DATASET RECORDS:
__________
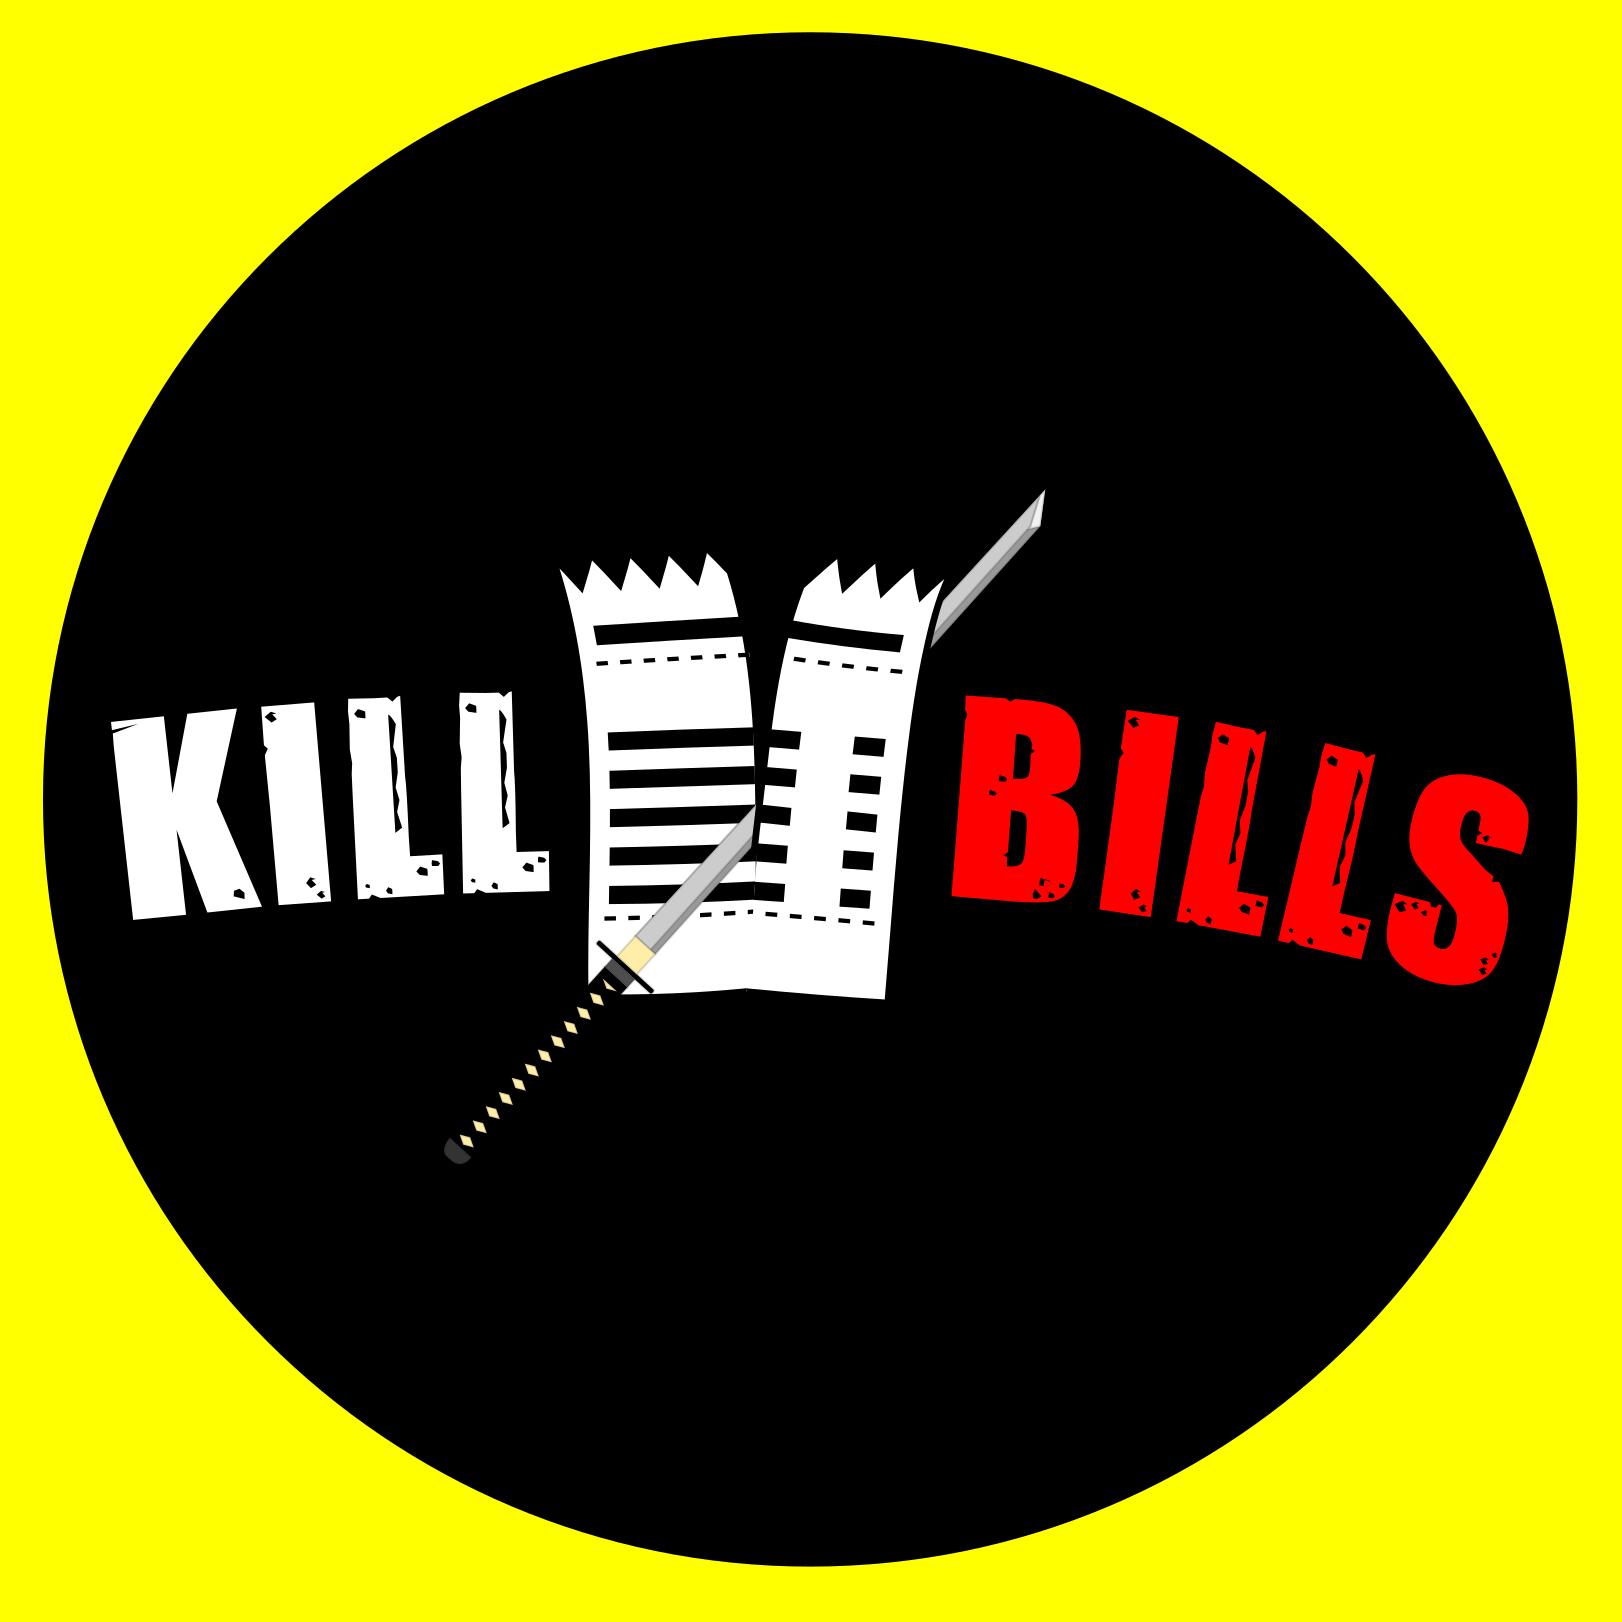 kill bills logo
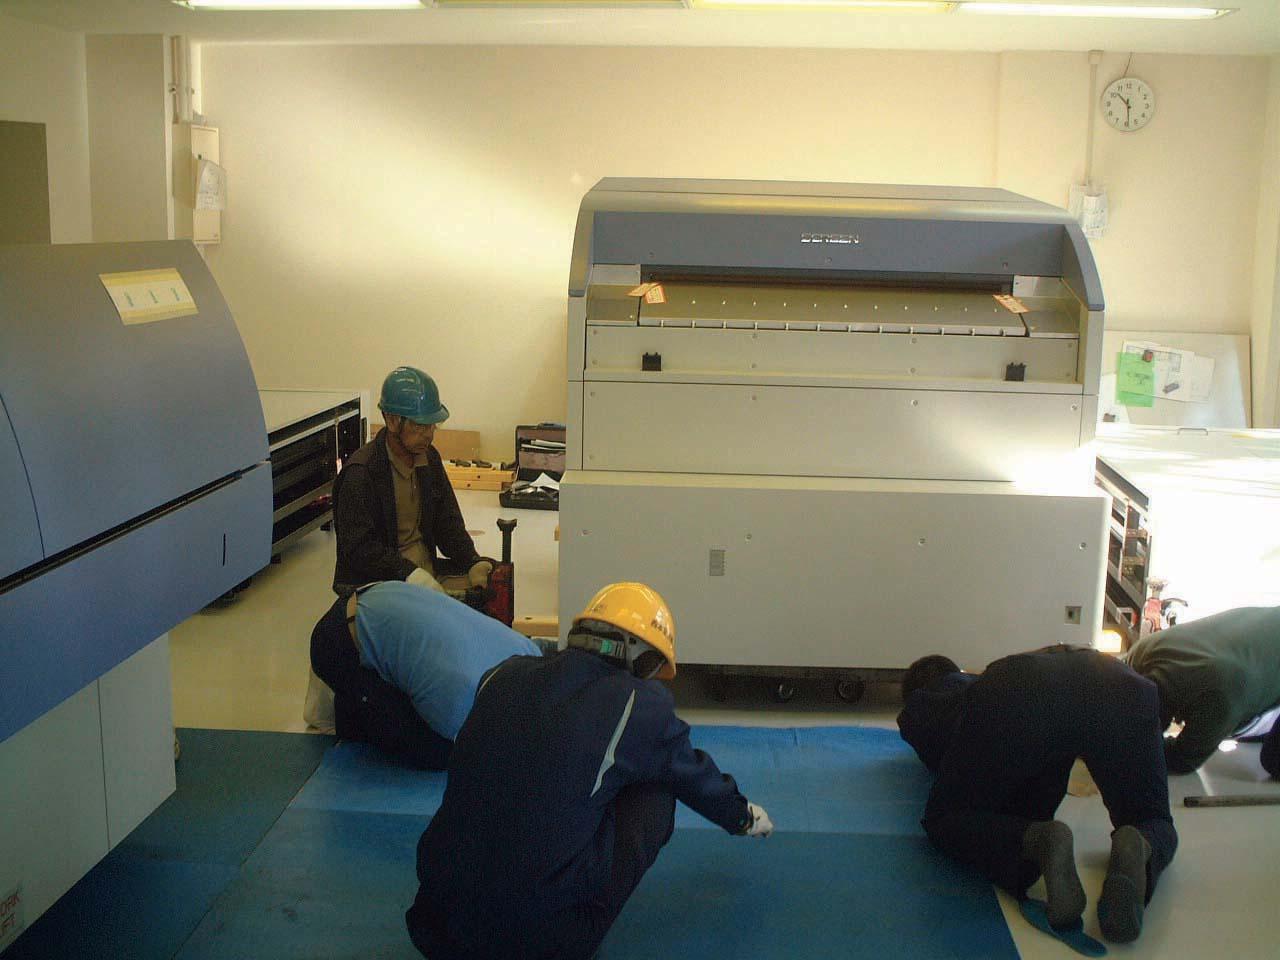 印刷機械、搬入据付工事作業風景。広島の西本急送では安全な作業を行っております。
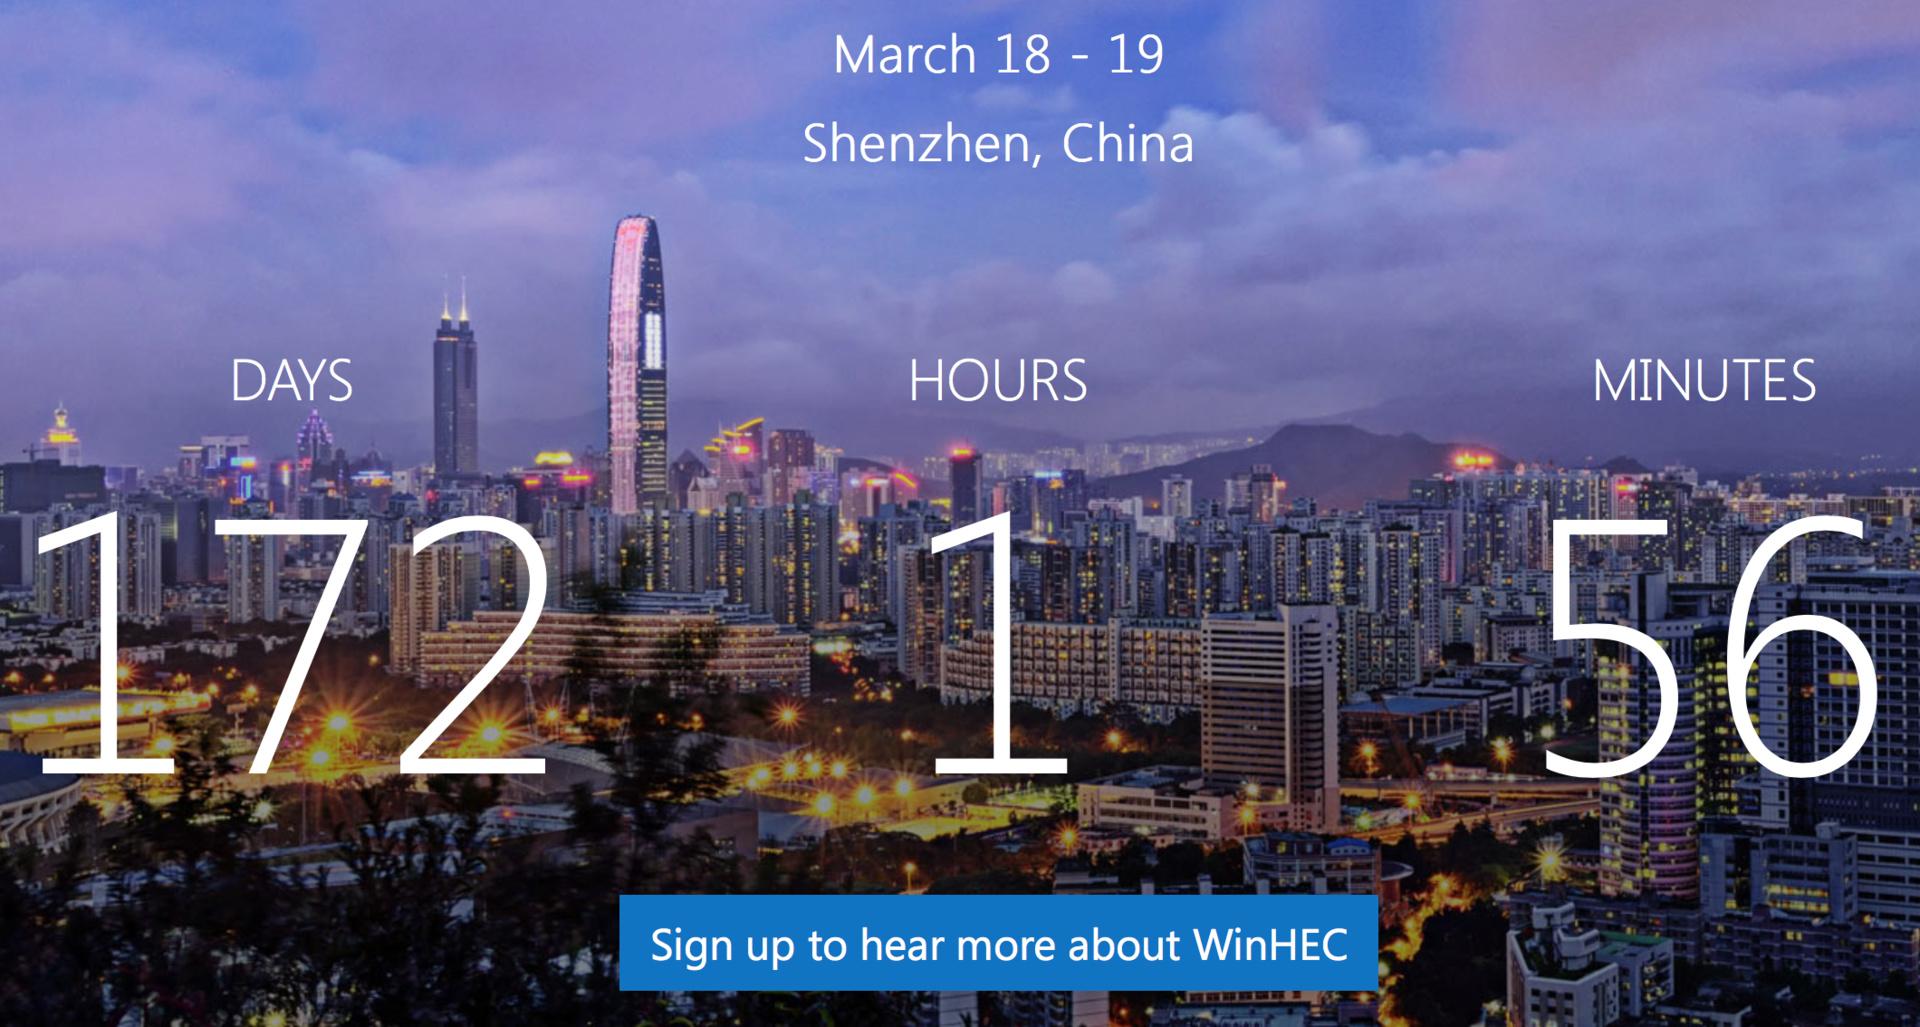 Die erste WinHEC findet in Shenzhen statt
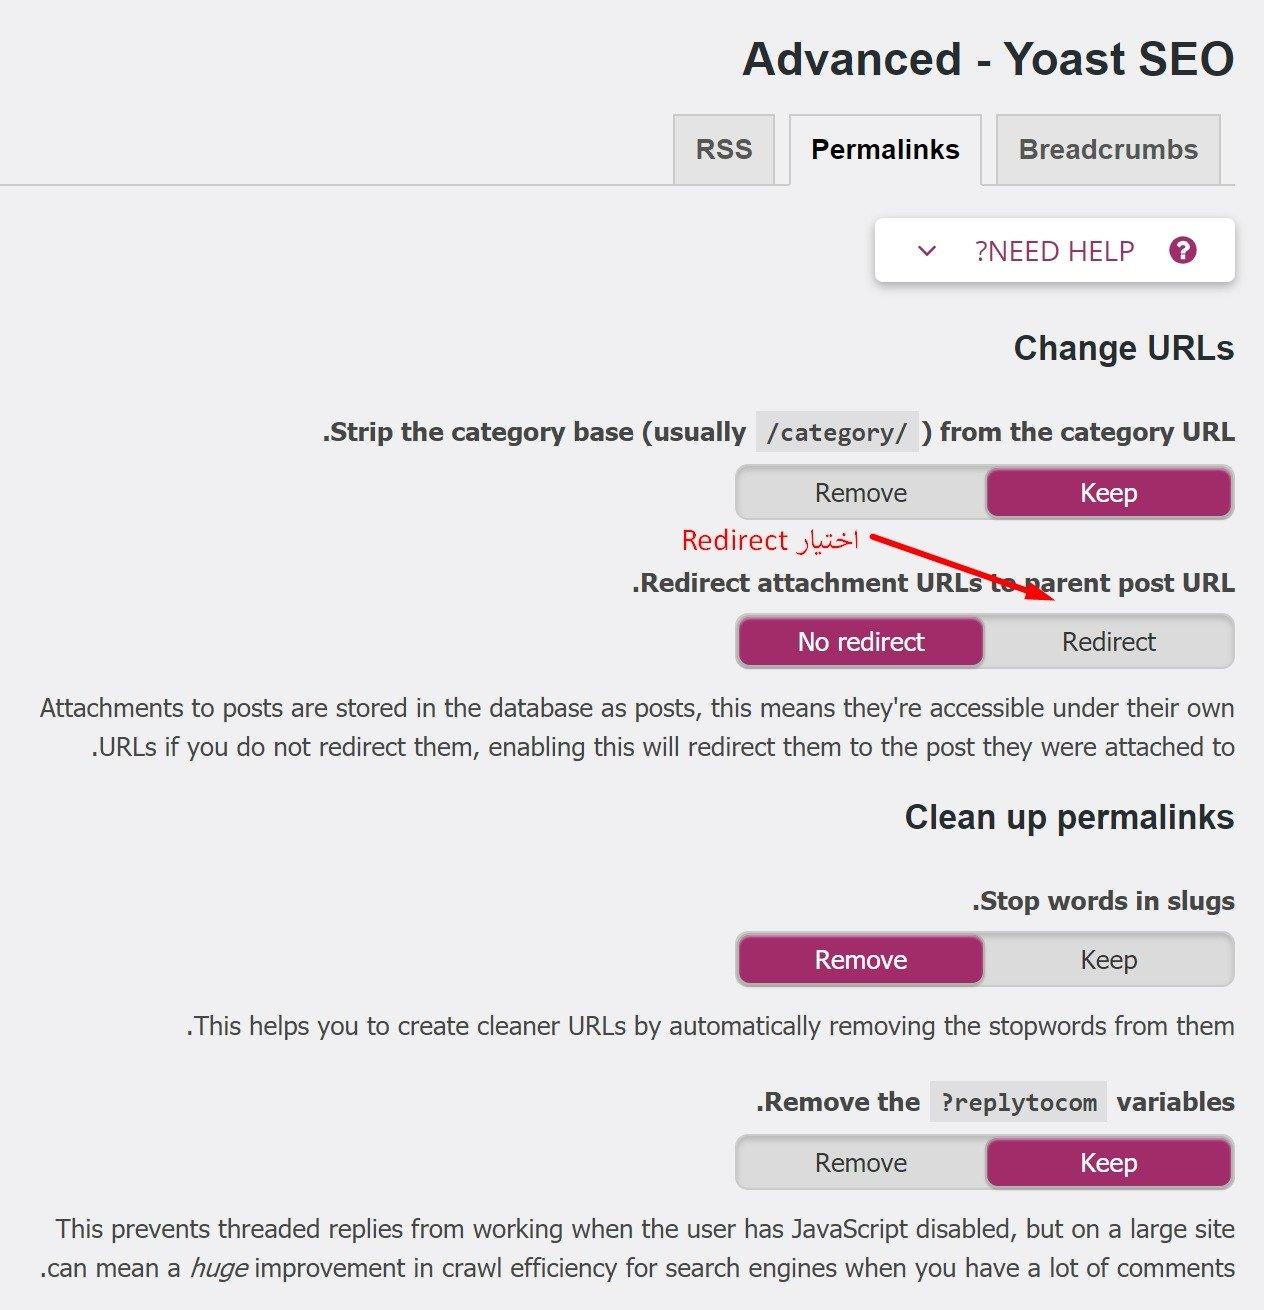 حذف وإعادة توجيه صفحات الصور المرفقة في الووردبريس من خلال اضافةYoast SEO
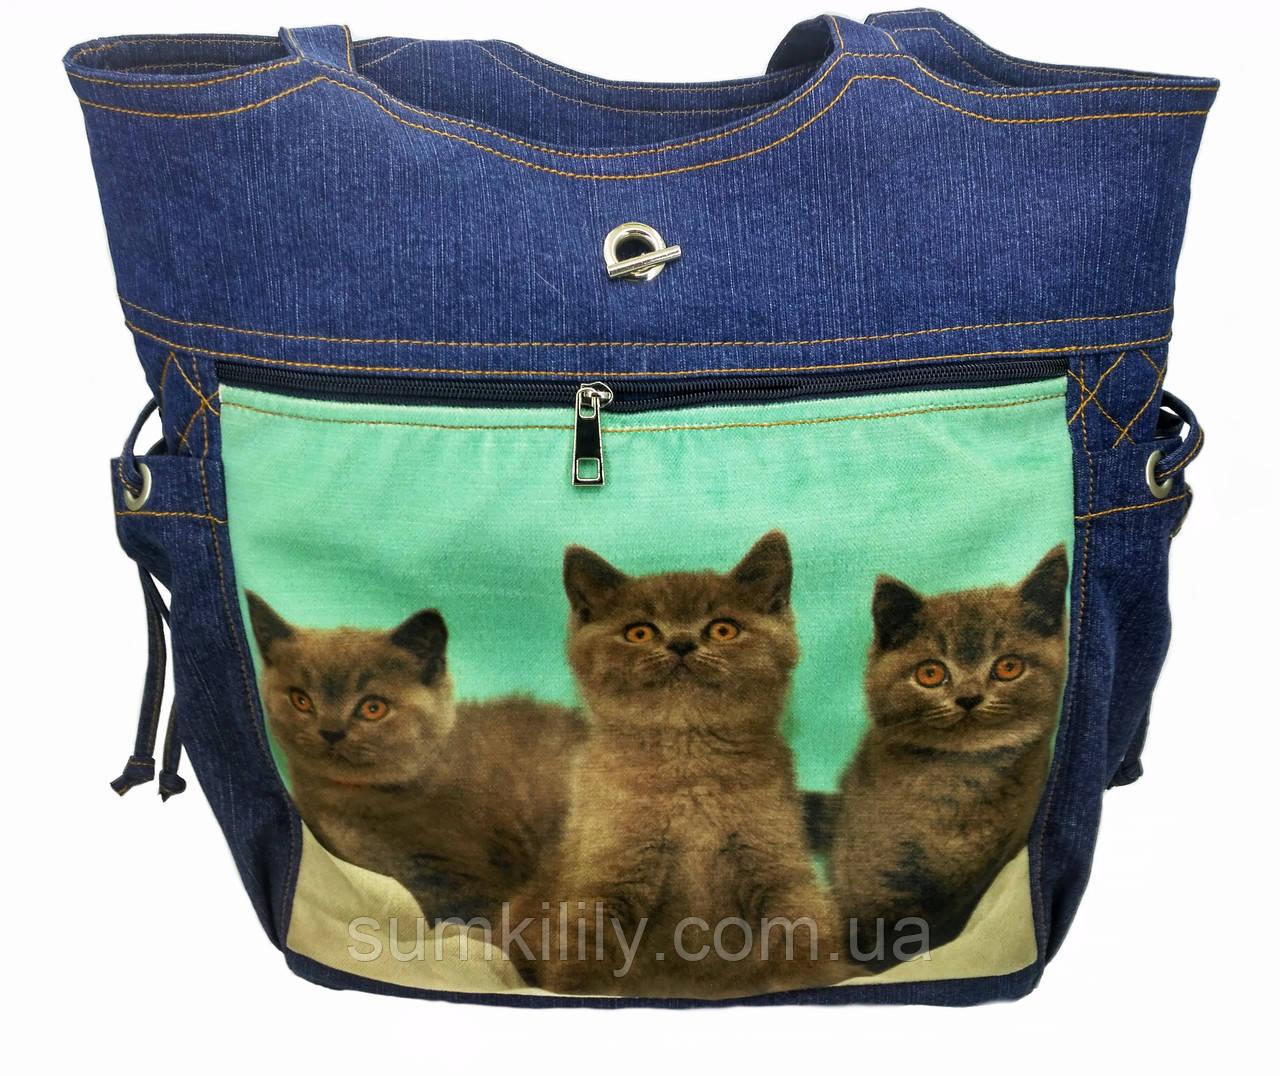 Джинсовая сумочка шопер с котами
__________
WHAT THE TASK ASKS: Output the line that contains "Die erste WinHEC findet in Shenzhen statt" and every line after it to the end of the records, word for word, leaving out the pictures.

RESULT OF THIS TASK:
 Die erste WinHEC findet in Shenzhen statt
 حذف وإعادة توجيه صفحات الصور المرفقة في الووردبريس من خلال اضافةYoast SEO
 Джинсовая сумочка шопер с котами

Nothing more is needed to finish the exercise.